The Boy's Summer Book. By Thomas Miller.—This is the first volume of what is intended to be a very comprehensive scheme, and which, if it fulfil the promise it starts with, will, to use the words of its prospectus, delight the boys with its beauty, and delight them with the tales it shall tell. It is to comprise stories of peril and adventure, travels in strange lands, voyages over far distant seas, dangers braved by courage, difficulties overcome by perseverance, lives of good and great men, pleasing records of walks in the country, curious habits of birds and insects. It is to embrace histories of the fine arts, wonderful inventions, descriptions of the works of nature, memorials of imprisonment, interesting narratives of strange and terrible convulsions, cities buried by volcanoes or swallowed up by earthquakes, etc. Here is promise enough to entice the man as well as the boy, and as an earnest of the good work which is to follow, the first volume of the Boy's own Library is a book of Summer in the Country, written by our old friend Thomas Miller, who is very capable of the task, for he knows the country well. The book is very pleasant reading, and will doubtless be a great favourite with the boys; but we question whether the author would not have done well to have omitted such stories as that of the boy who set the two poor old deaf neighbours by the ears. Children are tyrannical and mischievous, more generally from want of thought than from evil propensity; and we think the spirit of joyful participancy in which such pranks are told, will nullify the cold moral at the end. The book, however, with this exception, is as fresh and healthy as the woods, and meadows, and river-sides, which it deals with; and, spite of its too great resemblance to William Howitt's Boy's Country Book, will, we doubt not, meet with audience fit and not few. A word or two must be said of the manner in which it is got up; nothing can be more beautiful, and, at the same time, substantial; it is made for use as well as show, and is, considering the vast number of its embellishments, and its really lovely title-page and frontispiece, one of the cheapest books we know.

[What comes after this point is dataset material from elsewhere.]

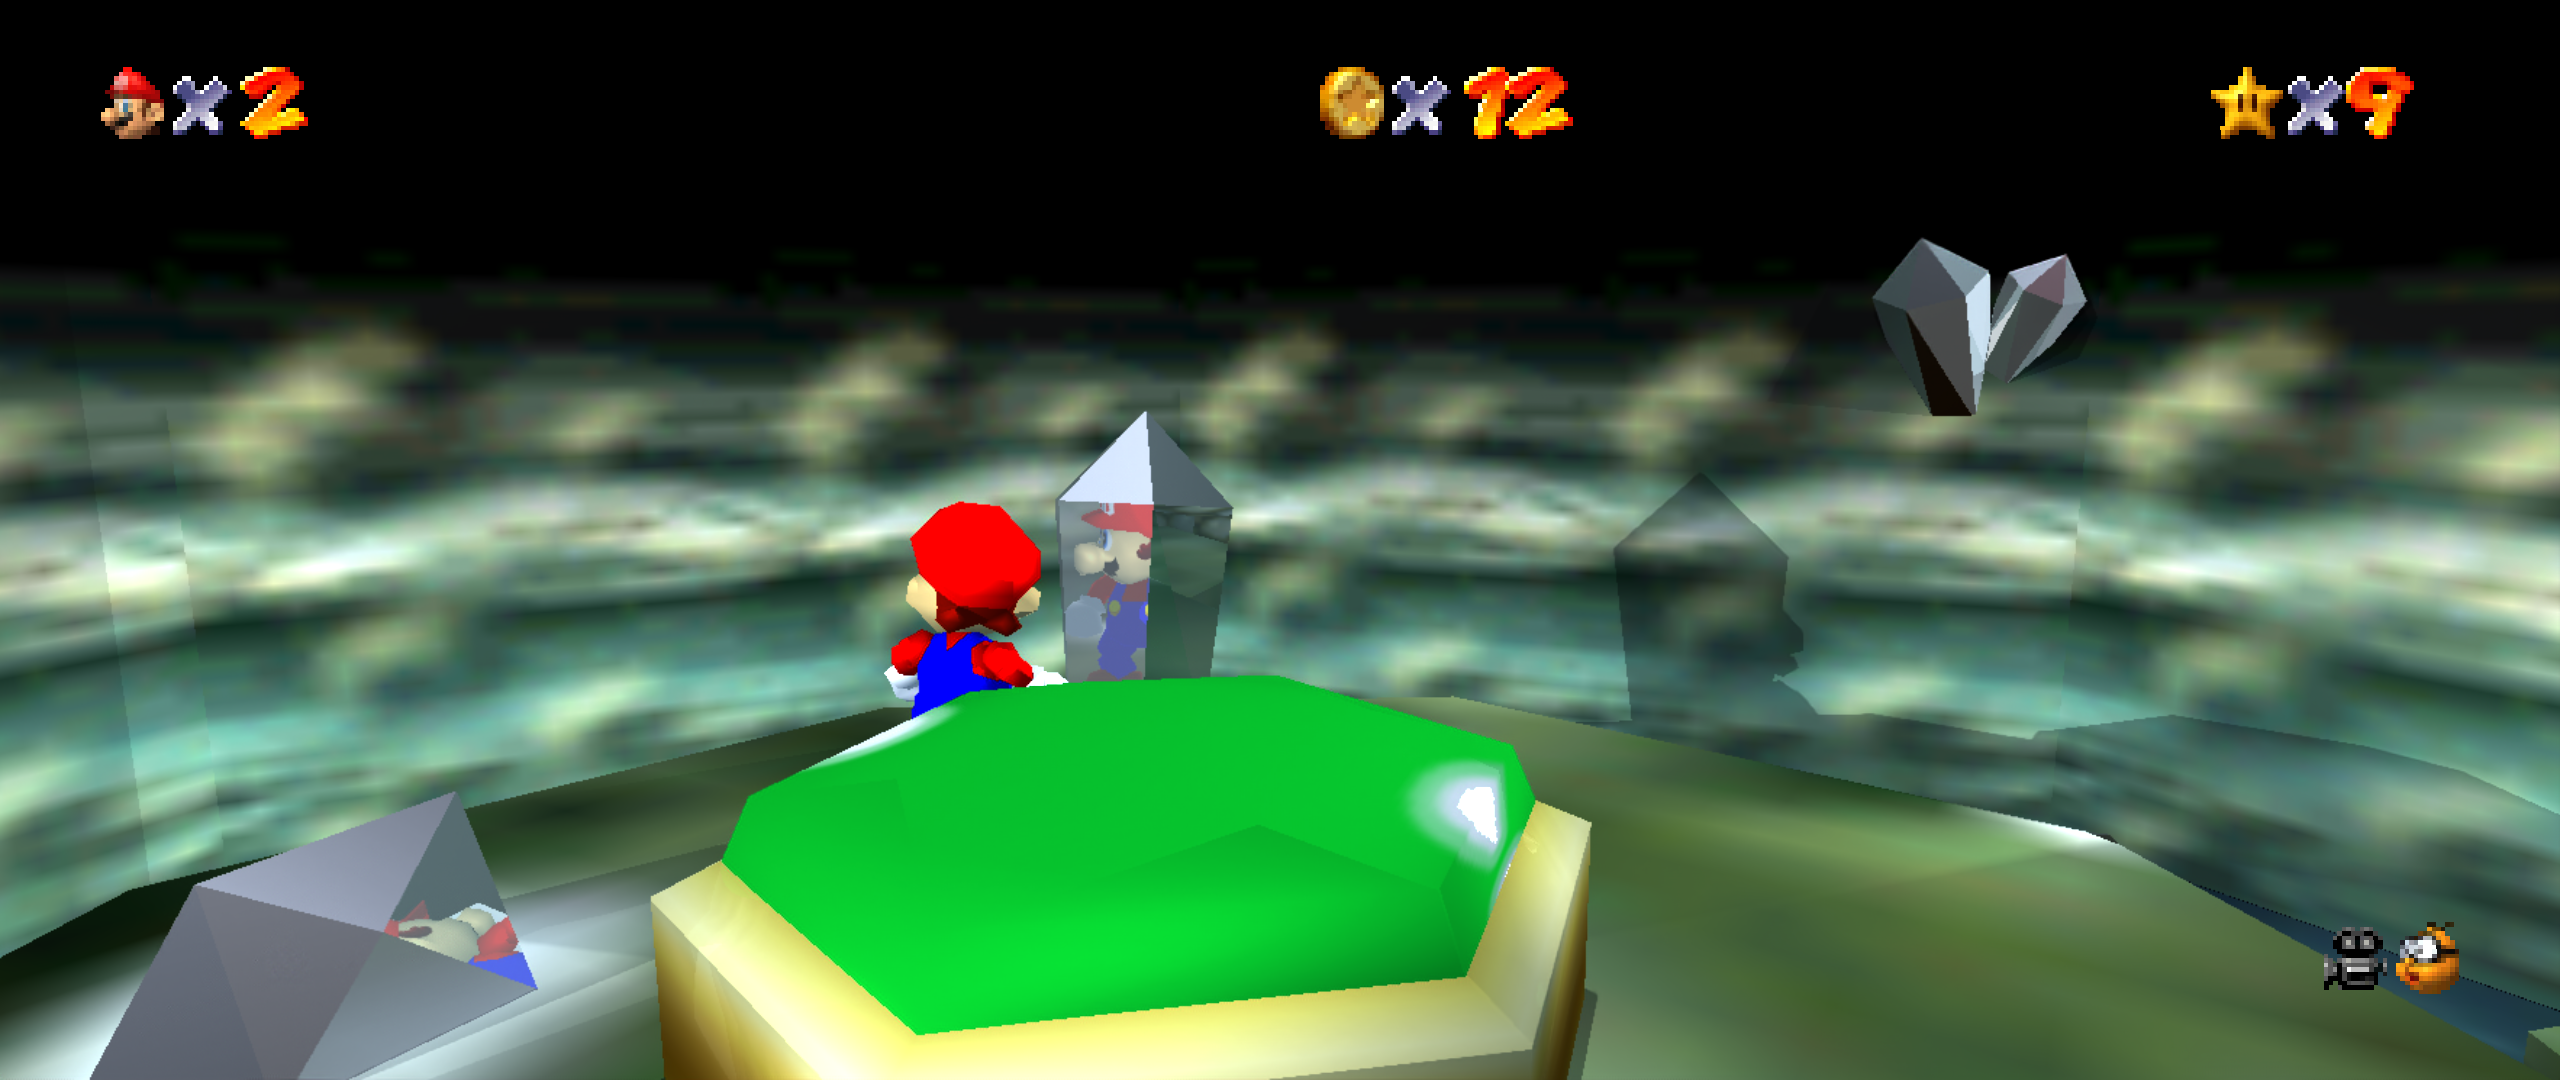 Super Mario 64 PC Port Supports 4K Resolution, Ray Tracing

The Midland Florist, and Suburban Horticulturist. By John Frederick Wood, F.H.S. Parts I. II. and III. London: Simpkin and Marshall; and R. Sutton, Nottingham.

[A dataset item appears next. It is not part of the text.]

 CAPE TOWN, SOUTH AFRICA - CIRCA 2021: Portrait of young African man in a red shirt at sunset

The midland counties have long been noted for their love of flowers and gardens. We know of no place where the spirit of gardening is more universal than at Nottingham. We are glad, therefore, to hail the appearance of this little periodical, which appears to us full of the soundest information on its interesting subject, and deserving of every encouragement.


Extinction of Pauperism. By Prince Napoleon Louis Bonaparte. Fourth Edition. London: Cleave, Shoe-lane.

Prince Louis Bonaparte is far more usefully employed as the author of this little book, and in the means detailed in it for the extinction of pauperism, than his great relative was in his efforts for the extinction of men’s lives. It is full of matter that all who are anxious to rescue their brethren from pauperism—and who are not?—should carefully read. It comes recommended to us by a letter from the poet Beranger, and is inscribed to the Earl of Besborough. It consists only of thirty-three small pages, and we say to all—read it.